Red Ocean Trap Nine: The belief that blue ocean strategy sees competition as bad when in fact it can be good for companies.

Red Ocean Trap Ten: The belief that blue ocean strategy is synonymous with creative destruction or disruption.

By reconstructing existing market boundaries, blue ocean strategy creates new market space and is created beyond existing industries. When new market space is created beyond existing industry boundaries, as with Viagra, reconstruction tends to bring about non destructive creation. In many cases, even when the reconstruction occurs within industries, blue ocean strategy also produces nondestructive creation. Nintendo’s Wii, for example, created a blue ocean in the video game industry. It had an element of creative destruction.

Blue ocean strategy is about redefining the problem itself, which tends to create new demand or an offering that often complements rather than displaces existing products and services.

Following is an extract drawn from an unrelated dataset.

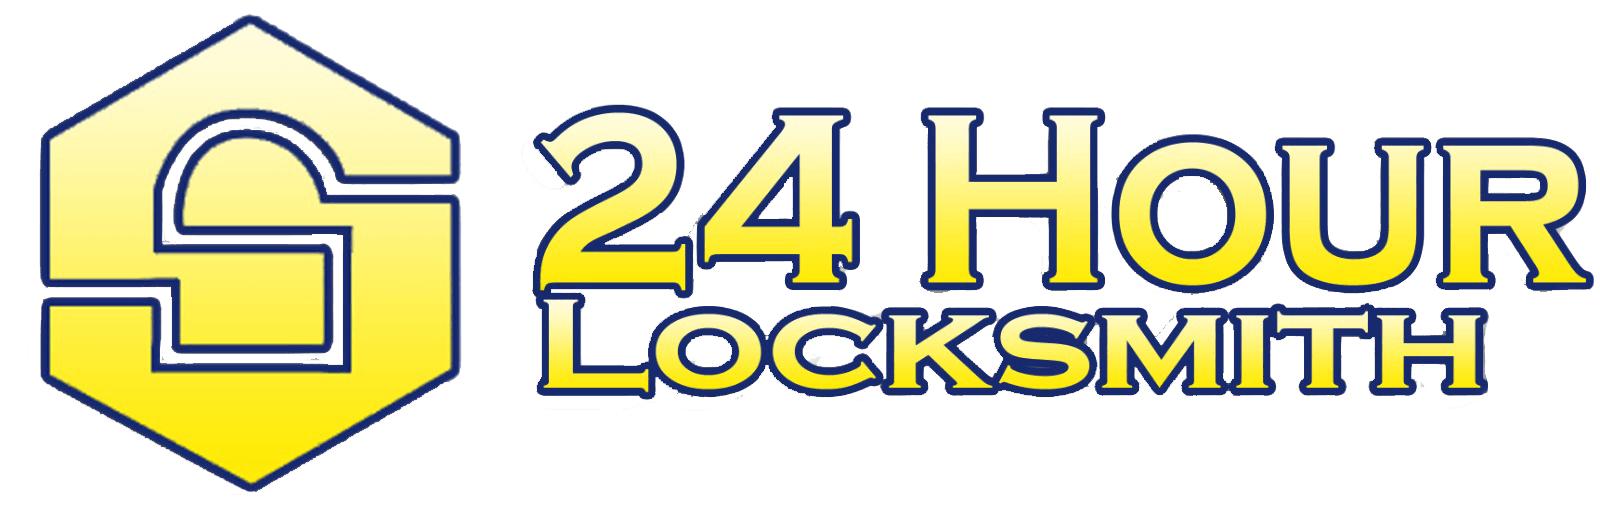 24 Hour Locksmith in Louisville, KY
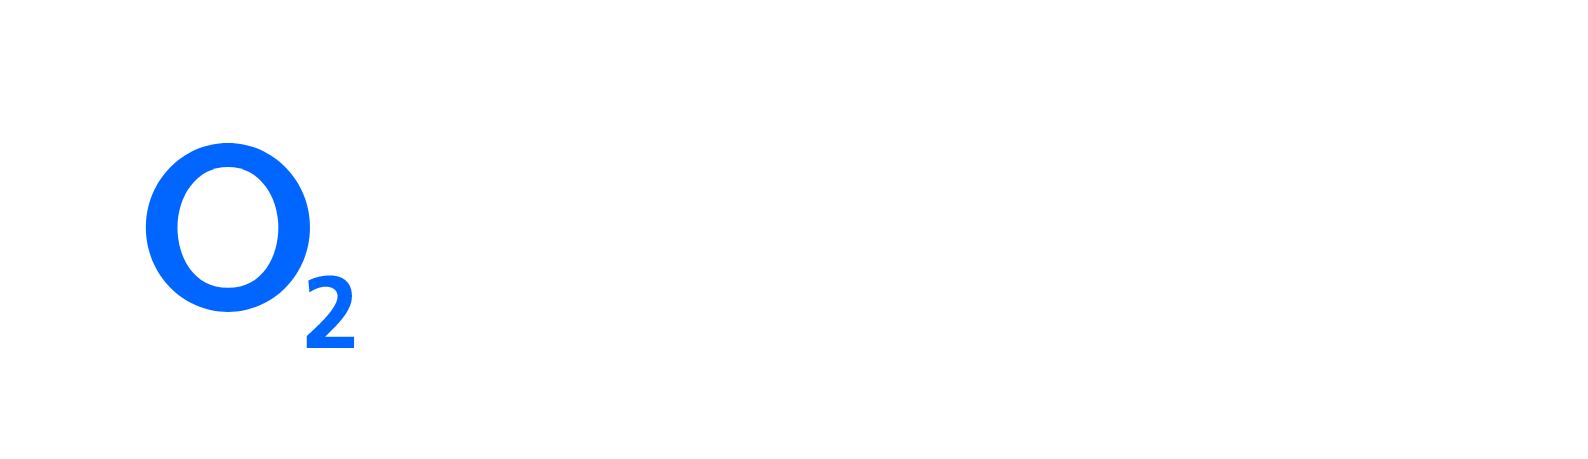 Telefónica Deutschland (O2) logo large for dark backgrounds (transparent PNG)

The focus of the blue ocean strategy is not on restricting output at a high price but rather on creating new aggregate demand through a leap in buyer value at an accessible price. This creates a strong incentive not only to keep it that way over time to discourage potential free-riding imitators. In this way, buyers win and the society benefits from improved efficiency. This creates a win-win scenario. A breakthrough in value is achieved for buyers, for the company, and for society at large.